● Exercise directions:
Would you write out all of the data exactly as it appears below?

________

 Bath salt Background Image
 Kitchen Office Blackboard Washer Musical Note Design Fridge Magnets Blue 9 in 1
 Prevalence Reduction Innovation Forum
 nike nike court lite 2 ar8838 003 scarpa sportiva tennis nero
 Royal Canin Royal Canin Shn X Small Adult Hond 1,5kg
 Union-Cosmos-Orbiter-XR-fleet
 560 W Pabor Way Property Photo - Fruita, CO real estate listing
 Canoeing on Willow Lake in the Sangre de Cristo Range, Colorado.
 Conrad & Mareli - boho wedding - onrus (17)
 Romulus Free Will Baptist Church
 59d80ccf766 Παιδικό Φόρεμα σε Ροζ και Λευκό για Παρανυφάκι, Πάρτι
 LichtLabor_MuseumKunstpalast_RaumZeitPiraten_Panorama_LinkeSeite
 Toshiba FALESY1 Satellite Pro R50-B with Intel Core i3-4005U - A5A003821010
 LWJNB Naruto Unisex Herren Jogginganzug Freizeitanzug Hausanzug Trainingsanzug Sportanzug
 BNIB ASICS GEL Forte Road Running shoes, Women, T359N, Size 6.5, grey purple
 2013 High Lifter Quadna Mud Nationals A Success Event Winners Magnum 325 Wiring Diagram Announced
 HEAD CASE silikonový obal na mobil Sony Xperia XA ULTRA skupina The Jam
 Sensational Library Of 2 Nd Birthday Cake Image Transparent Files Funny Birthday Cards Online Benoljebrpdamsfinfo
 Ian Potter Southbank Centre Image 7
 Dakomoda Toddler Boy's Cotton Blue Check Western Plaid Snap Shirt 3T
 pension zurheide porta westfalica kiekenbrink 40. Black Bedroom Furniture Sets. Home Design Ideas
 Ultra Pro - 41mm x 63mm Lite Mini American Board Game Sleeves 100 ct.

________

● Answer for the task:
 Bath salt Background Image
 Kitchen Office Blackboard Washer Musical Note Design Fridge Magnets Blue 9 in 1
 Prevalence Reduction Innovation Forum
 nike nike court lite 2 ar8838 003 scarpa sportiva tennis nero
 Royal Canin Royal Canin Shn X Small Adult Hond 1,5kg
 Union-Cosmos-Orbiter-XR-fleet
 560 W Pabor Way Property Photo - Fruita, CO real estate listing
 Canoeing on Willow Lake in the Sangre de Cristo Range, Colorado.
 Conrad & Mareli - boho wedding - onrus (17)
 Romulus Free Will Baptist Church
 59d80ccf766 Παιδικό Φόρεμα σε Ροζ και Λευκό για Παρανυφάκι, Πάρτι
 LichtLabor_MuseumKunstpalast_RaumZeitPiraten_Panorama_LinkeSeite
 Toshiba FALESY1 Satellite Pro R50-B with Intel Core i3-4005U - A5A003821010
 LWJNB Naruto Unisex Herren Jogginganzug Freizeitanzug Hausanzug Trainingsanzug Sportanzug
 BNIB ASICS GEL Forte Road Running shoes, Women, T359N, Size 6.5, grey purple
 2013 High Lifter Quadna Mud Nationals A Success Event Winners Magnum 325 Wiring Diagram Announced
 HEAD CASE silikonový obal na mobil Sony Xperia XA ULTRA skupina The Jam
 Sensational Library Of 2 Nd Birthday Cake Image Transparent Files Funny Birthday Cards Online Benoljebrpdamsfinfo
 Ian Potter Southbank Centre Image 7
 Dakomoda Toddler Boy's Cotton Blue Check Western Plaid Snap Shirt 3T
 pension zurheide porta westfalica kiekenbrink 40. Black Bedroom Furniture Sets. Home Design Ideas
 Ultra Pro - 41mm x 63mm Lite Mini American Board Game Sleeves 100 ct.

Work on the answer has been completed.